Изменить стиль страницы

— Сколько тебе лет, матушка? — спросил он.

— Семьдесят девять стукнет в январе.

— Я думаю, работать пришлось здорово?

— С семи лет. Я нанялась служить в штате Мичиган.

Служила, пока не выросла. Потом замуж пошла, а работа становилась все тяжелее и тяжелее.

— Когда же ты думаешь отдохнуть?

Она посмотрела на него, подумав, кажется, что вопрос задан в шутку, и не ответила ничего.

— В Бога веришь?

Она кивнула головой.

— Ну так ты свое еще получишь, — заверил он ее, но в глубине души он недоумевал, как это Бог разрешает, чтобы рождалось столько сосунцов, и не придержит азартных игроков, грабящих их с колыбели до могилы.

— Сколько у тебя этого рислинга?

Она окинула взглядом бочки и высчитала. Почти что восемьсот галлонов.

Пламенный недоумевал, что ему делать с этим вином и кому его сплавить.

— Что бы ты сделала, если бы я тебе дал по доллару за галлон? — спросил он.

— Шутки шутите?

— Нет, говорю серьезно.

— Вставила бы себе зубы, перекрыла крышу и купила новую телегу. Уж очень дорога здесь тяжела для телег.

— А еще что?

— Купила бы себе гроб.

— Ну, матушка, все это твое — и гроб и телега.

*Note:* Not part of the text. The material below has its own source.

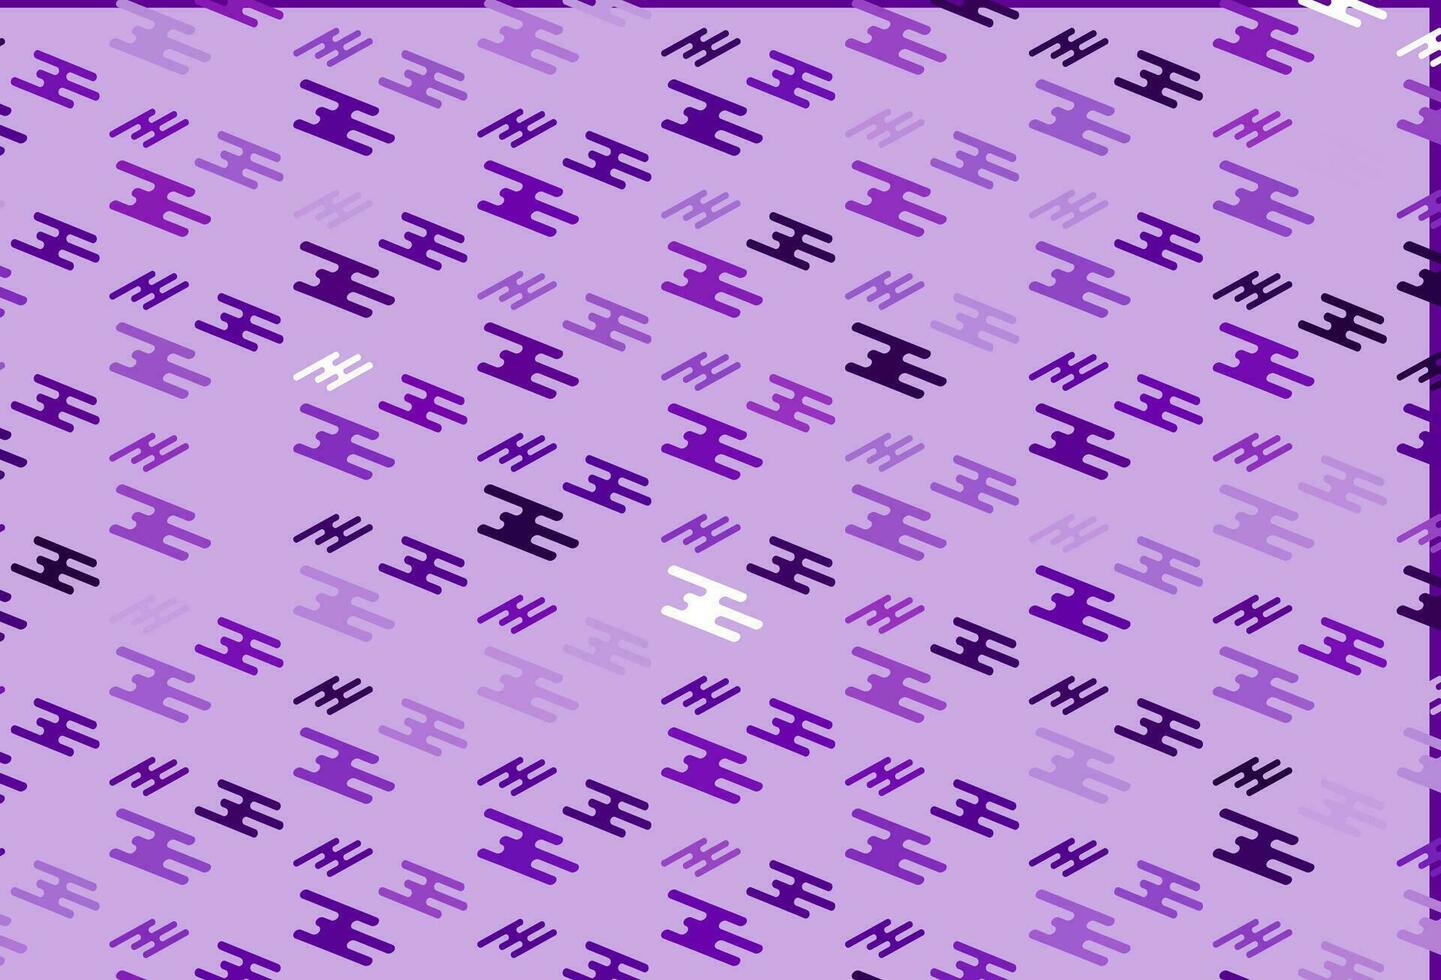 fond de vecteur violet clair avec des lignes droites.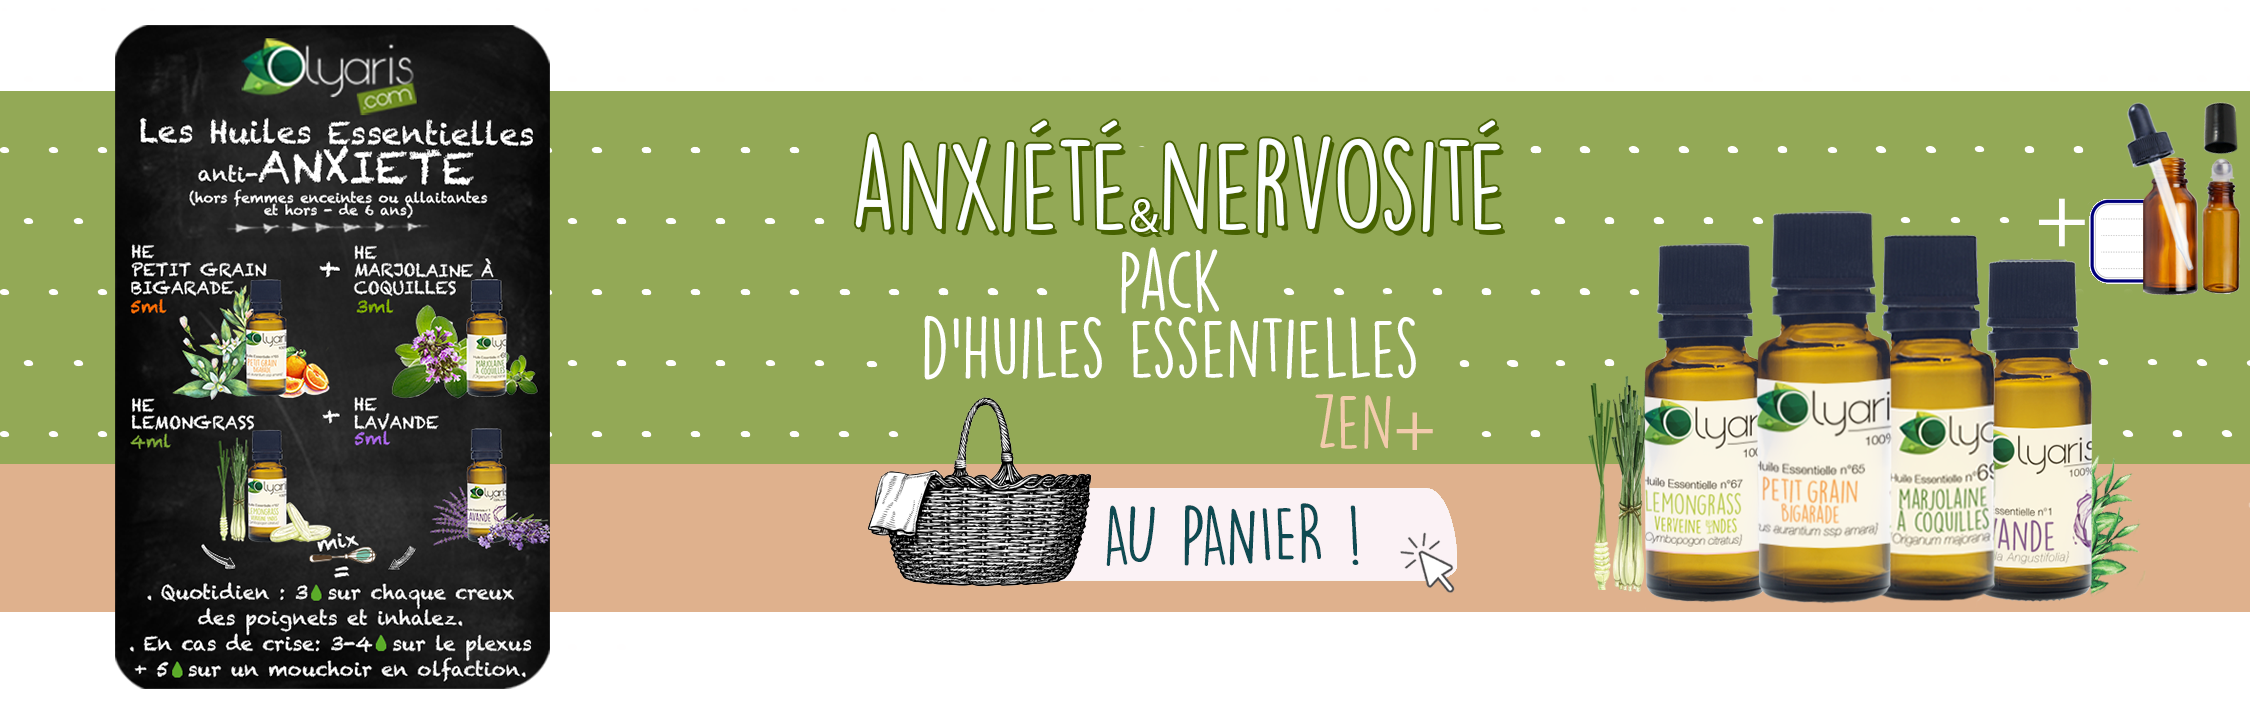 Anxiété et Nervosité : les huiles essentielles à utiliser

Она смотрела на него недоверчиво.

— Я это серьезно говорю. А вот тебе пятьдесят, чтобы закрепить сделку. Не нужно расписки. Это за богатыми нужно присматривать — память у них, знаешь ли, чертовски коротка. Вот мой адрес. Тебе придется доставить вино на станцию. А теперь покажи, как мне отсюда выбраться. Я хочу подняться на вершину.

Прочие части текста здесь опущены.